Rule 611(c) of the Federal Rules of Evidence permits leading questions on direct examination when a party calls a hostile witness, an adverse party, or a witness identified with an adverse party. Fed.R.Evid. 611(c). Although Ms. Cox is no longer employed by Sun, she is clearly identified with Defendant, both through her previous employment and her ongoing relationship with Mr. Waters, a key witness who attended the trial on behalf of Sun. Haney v. Mizell Memorial Hosp., 744 F.2d 1467, 1477-78 (11th Cir. 1984); N.L.R.B. v. Southwestern Colorado Contractors Ass'n, 379 F.2d 360, 364-65 (10th Cir. 1967); accord Bruce Hughes, Inc. v. Ingels Assocs., Inc., 653 P.2d 88, 90 (Colo.App. 1982). Use of leading questions on direct examination of Ms. Cox is therefore appropriate.
Defense counsel may also propound leading questions of Ms. Cox on cross-examination. While leading questions should generally not be used by counsel in examining his or her own client, the scope and method of cross-examination is within the discretion of the trial judge. It is well recognized that the Court may allow counsel to propound leading questions to his or her own witness when such witness has been called as an adverse witness by opposing counsel. See Advisory Committee Notes, 56 F.R.D. 183, 276 (1972); Shultz v. Rice, 809 F.2d 643, 654-55 (10th Cir. 1986); Ardoin v. J. Ray McDermott Co., 684 F.2d 335, 336 (5th Cir. 1982); Oberlin v. Marlin American Corp., 596 F.2d 1322, 1328 (7th Cir. 1979); Annotation, Cross-examination by leading questions of witness friendly to or biased in favor of cross-examiner, 38 A.L.R.2d 952 (1954 and Supp. 1989 and 1991). It is within the trial court's discretion to allow leading questions of an employee of Defendant on cross-examination when that employee had been called by Plaintiff as an adverse witness. Alpha Display Paging, Inc. v. Motorola Communications Elec., Inc., 867 F.2d 1168, 1171 (8th Cir. 1989); Jojola v.

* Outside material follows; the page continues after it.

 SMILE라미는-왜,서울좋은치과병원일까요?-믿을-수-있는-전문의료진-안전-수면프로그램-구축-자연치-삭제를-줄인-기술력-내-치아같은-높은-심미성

Baldridge Lumber Co., 96 N.M. 761, 635 P.2d 316, cert. denied, 97 N.M. 140, 637 P.2d 571 (N.M. 1981). As the Sixth Circuit has stated,
[w]hile Federal Rule of Evidence 611(c) permits the use of leading questions when a party calls a witness identified with an adverse party, there is no complementary provision requiring such a witness to be cross-examined without the use of leading questions by the party to whom that witness is friendly. This matter is within the court's traditional discretion to control the mode of interrogation.Morvant v. Construction Aggregates Corp., 570 F.2d 626, 635 (6th Cir.), cert. dismissed, 439 U.S. 801, 99 S.Ct. 44, 58 L.Ed.2d 94 (1978); accord Burr v. Green Bros. Sheet Metal, Inc. 159 Colo. 25, 409 P.2d 511, 513 (1966). In the exercise of our discretion, we find that the use of leading questions on cross-examination was proper. Under Fed.R.Evid. 611(a), the trial court has the discretion to implement approaches to ensure a fair, effective, and well-organized trial for the benefit of the fact finder.

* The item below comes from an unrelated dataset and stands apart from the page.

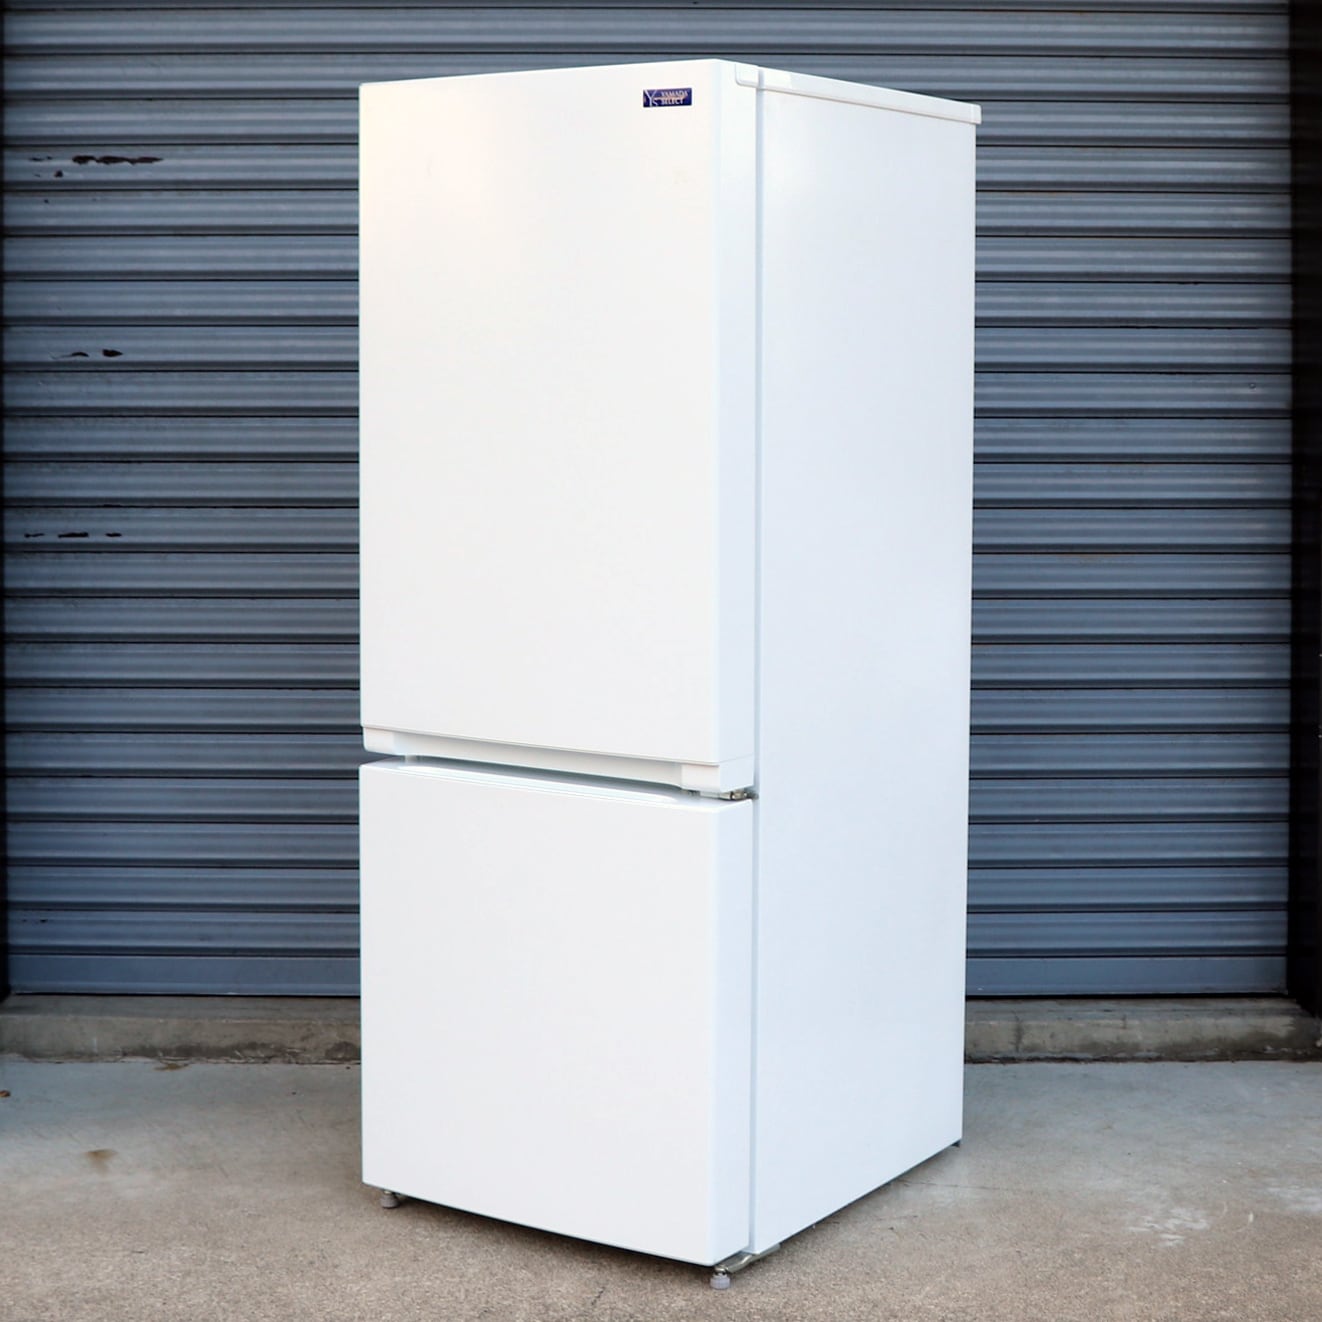 優先配送 ヤマダ電機 2ドア冷凍冷蔵庫 156L 2019年製

Fed.R.Evid. 611(a) provides that "[t]he court shall exercise reasonable control over the mode and order of interrogating witnesses and presenting evidence so as to (1) make the interrogation and presentation effective for the ascertainment of the truth, [and] (2) avoid needless consumption of time."
ACCORDINGLY, it is hereby ordered that Defendant's objection is OVERRULED. Counsel's utilization of leading questions on both direct examination and cross-examination of Ms. Cox was appropriate.